Universitätsmedizin Göttingen, Göttingen, Lower Saxony, Germany
Neurology (Impact Factor: 8.29). 10/2005; 65(5):701-6. DOI: 10.1212/01.wnl.0000174642.32187.20
Source: PubMed

ABSTRACT

Pelizaeus-Merzbacher disease (PMD) is a rare X-linked recessive neurologic disorder caused by a mutation in the proteolipid protein (PLP) gene on chromosome Xq22. The associated depletion of PLP and severe reduction of other major myelin proteins results in dysmyelination. MRI reveals loss of T1 contrast between gray and affected white matter and T2 hyperintensities of white matter due to elevated water content.
In vivo proton magnetic resonance spectroscopy (MRS) was used to determine cerebral metabolite patterns in five patients with genetically proven PMD. Absolute metabolite concentrations were obtained in cortical gray matter, affected white matter, and basal ganglia and compared to age-matched control values.
In comparison to age-matched controls, MRS of affected white matter resembled the metabolite pattern of cortical gray matter, as indicated by increased concentrations of N-acetylaspartate and N-acetylaspartylglutamate (tNAA), glutamine (Gln), myo-inositol (Ins), and creatine and phosphocreatine. Most remarkably, the concentration of choline-containing compounds was reduced. Parietal gray matter and basal ganglia appeared normal but showed a tendency for elevated tNAA, Gln, and Ins.

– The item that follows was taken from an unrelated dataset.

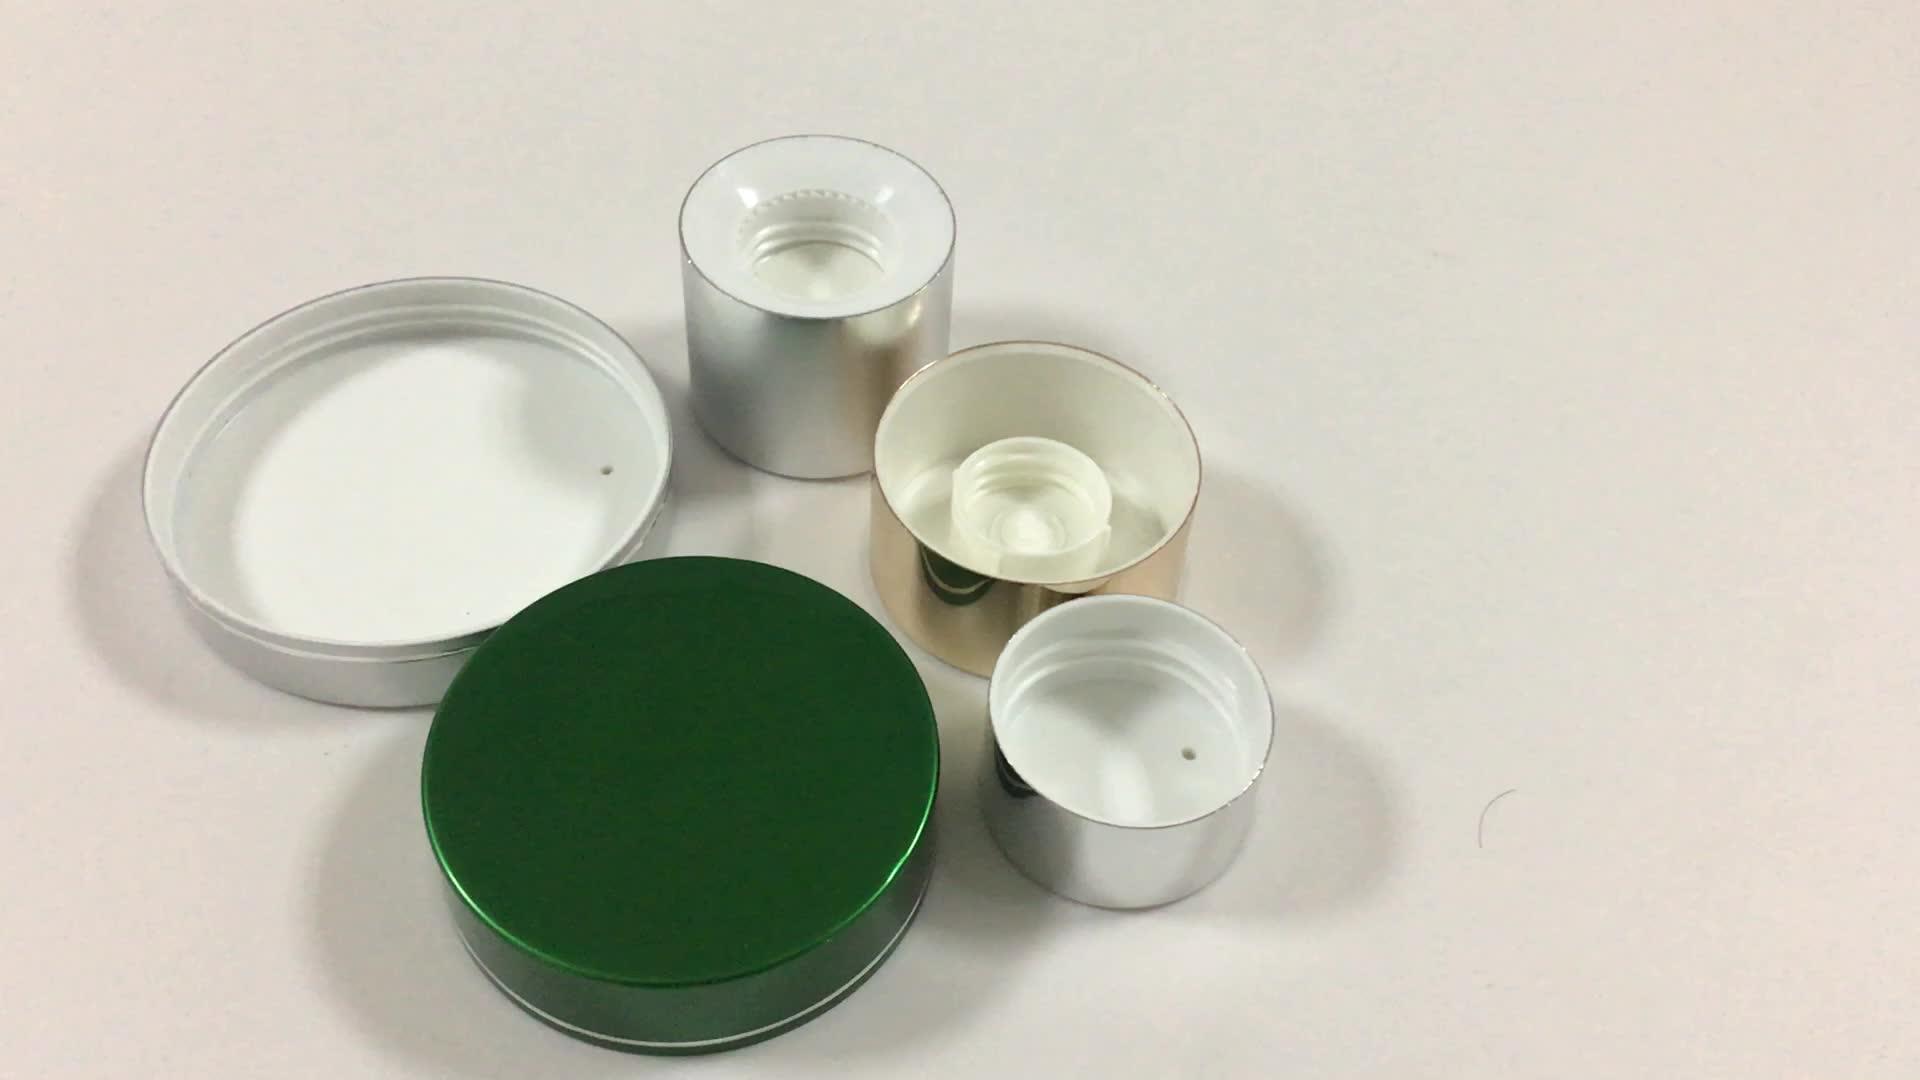 63/400江蘇省工場卸売さまざまな色クリーム瓶アルミ蓋/キャップシールカバー用化粧品包装

Magnetic resonance spectroscopy (MRS)-detected alterations are consistent with enhanced neuroaxonal density, astrogliosis, and reduction of oligodendroglia. These disturbances in cellular composition are in close agreement with the histopathologic features characteristic of dys- and hypomyelination. The proton MRS profile of Pelizaeus-Merzbacher disease (PMD) differs from the pattern commonly observed in demyelinating disorders and allows PMD to be distinguished from other leukodystrophies.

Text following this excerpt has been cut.